Volume 4, Number 4, April 2013, pages 259-261

Isolated Fracture of the Lesser Trochanter as a First Manifestation of Metastatic Lung Carcinoma

Diego Reategui-Villegasa, b, Pilar Camacho Carrascoa, Alonso Zumbado Dijeresa, Jose Ballesteros Betancourta

aOrthopaedic Department, Hospital Clinic Barcelonam, Spain
bCorresponding author: Diego Reategui-Villegas, Orthopaedic Department, Hospital Clinic de Barcelona, Escalera 12, 4aplanta. C/ Villarroel 170. 08036. Barcelona, Spain

Manuscript accepted for publication January 22, 2013
Short title: Isolated Fracture of the Lesser Trochanter
doi: https://doi.org/10.4021/jmc1077w


Isolated fractures of the lesser femoral trochanter in adults without previous trauma, are rare, so an underlying pathology should be suspected. As a first option, a neoplastic process must be taken into account. Because the most frequent neoplastic pathology is metastases, a thorough medical history has to be taken and additional test must be done to diagnose the primary lesion. We report a case of a patient who presented with an isolated fracture of the lesser trochanter as the first manifestation of primary lung carcinoma.
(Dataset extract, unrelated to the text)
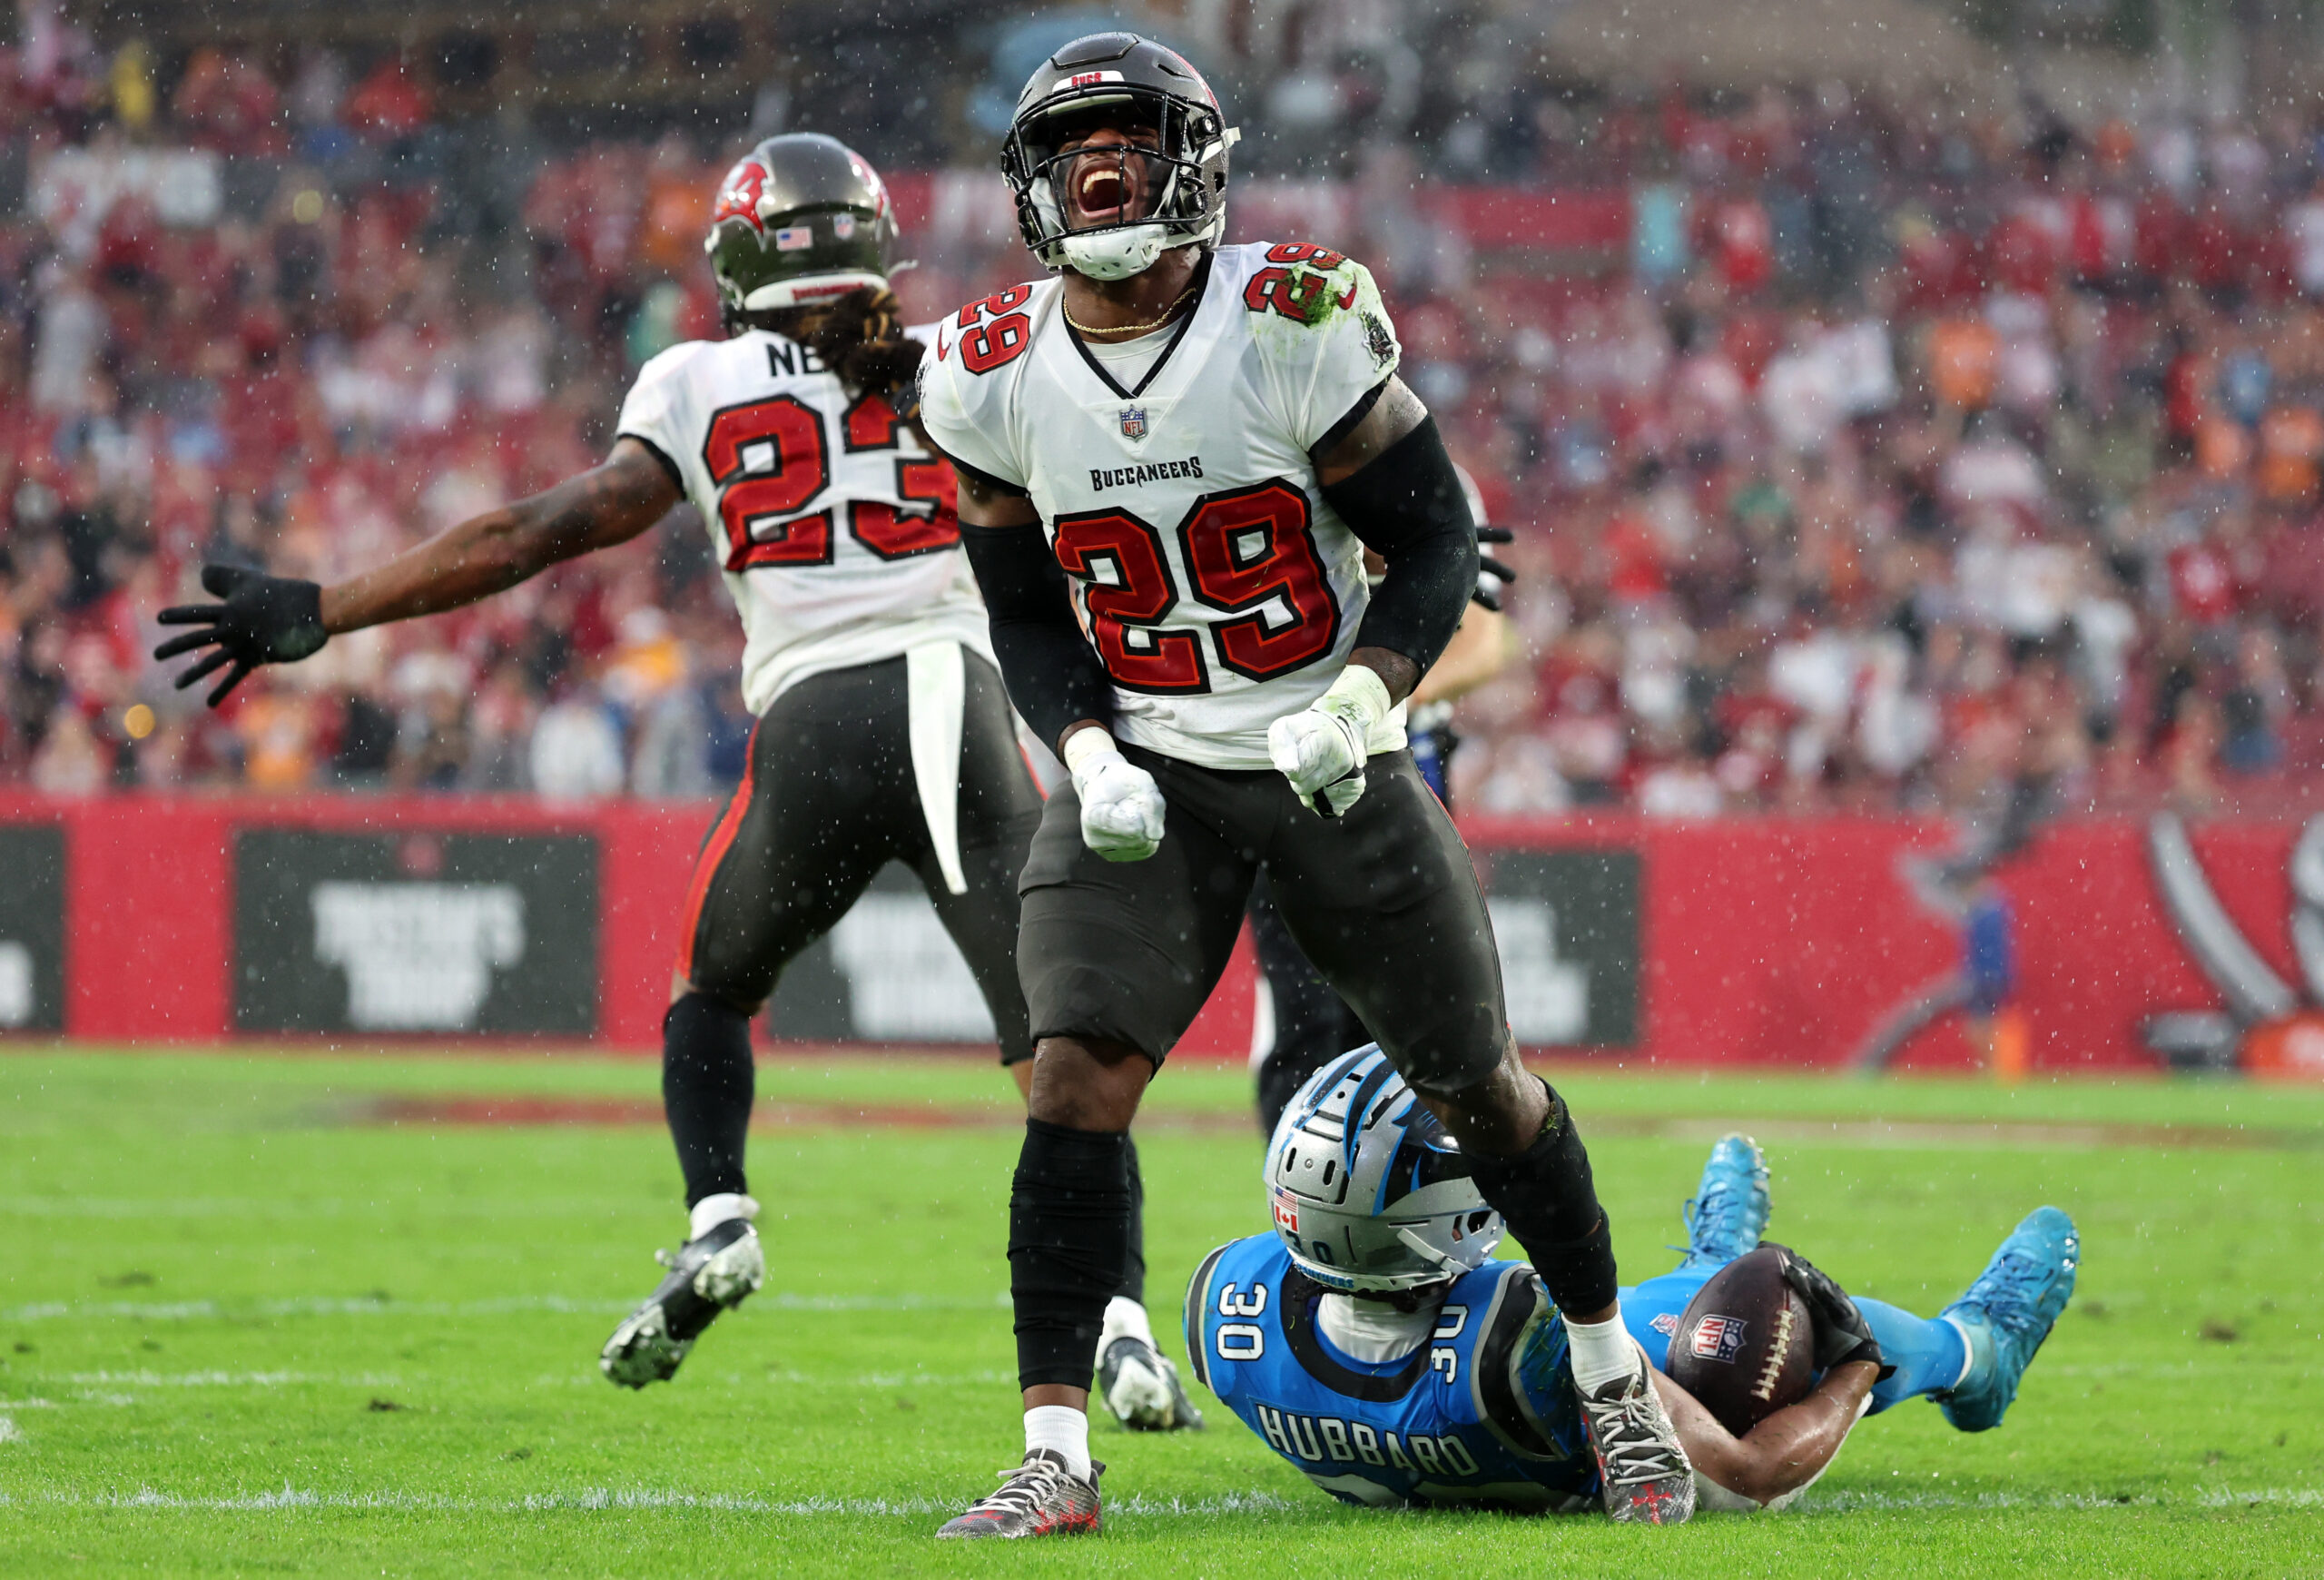 How to buy Tampa Bay Buccaneers vs. Carolina Panthers NFL Week 18 tickets

Keywords: Lesser trochanter; Metastasis; Cancer


Isolated fractures of the lesser trochanter are uncommon at any age. Those that occur in children or young people, are caused by vigorous activity [1, 2], usually in the context of contact sport and as a result of sudden contraction of the iliopsoas muscle [3]. However, those seen in adults in the absence of previous trauma, should raise the suspicion of a neoplastic process [1-4]. We present the case of a patient who presented an isolated fracture of the femoral lesser trochanter as the first manifestation of metastatic lung cancer.

Case Report▴Top 

Sixty-nine year old male patient, smoker (55 packs/year), with a history of diabetes mellitus and a surgically treated right lumbar disc herniation 10 years before admission, who walked with a cane because of weakness in right leg. He presented in the emergency department of our hospital with moderate intensity pain at the right hip that worsened at night and had started two months before consultation.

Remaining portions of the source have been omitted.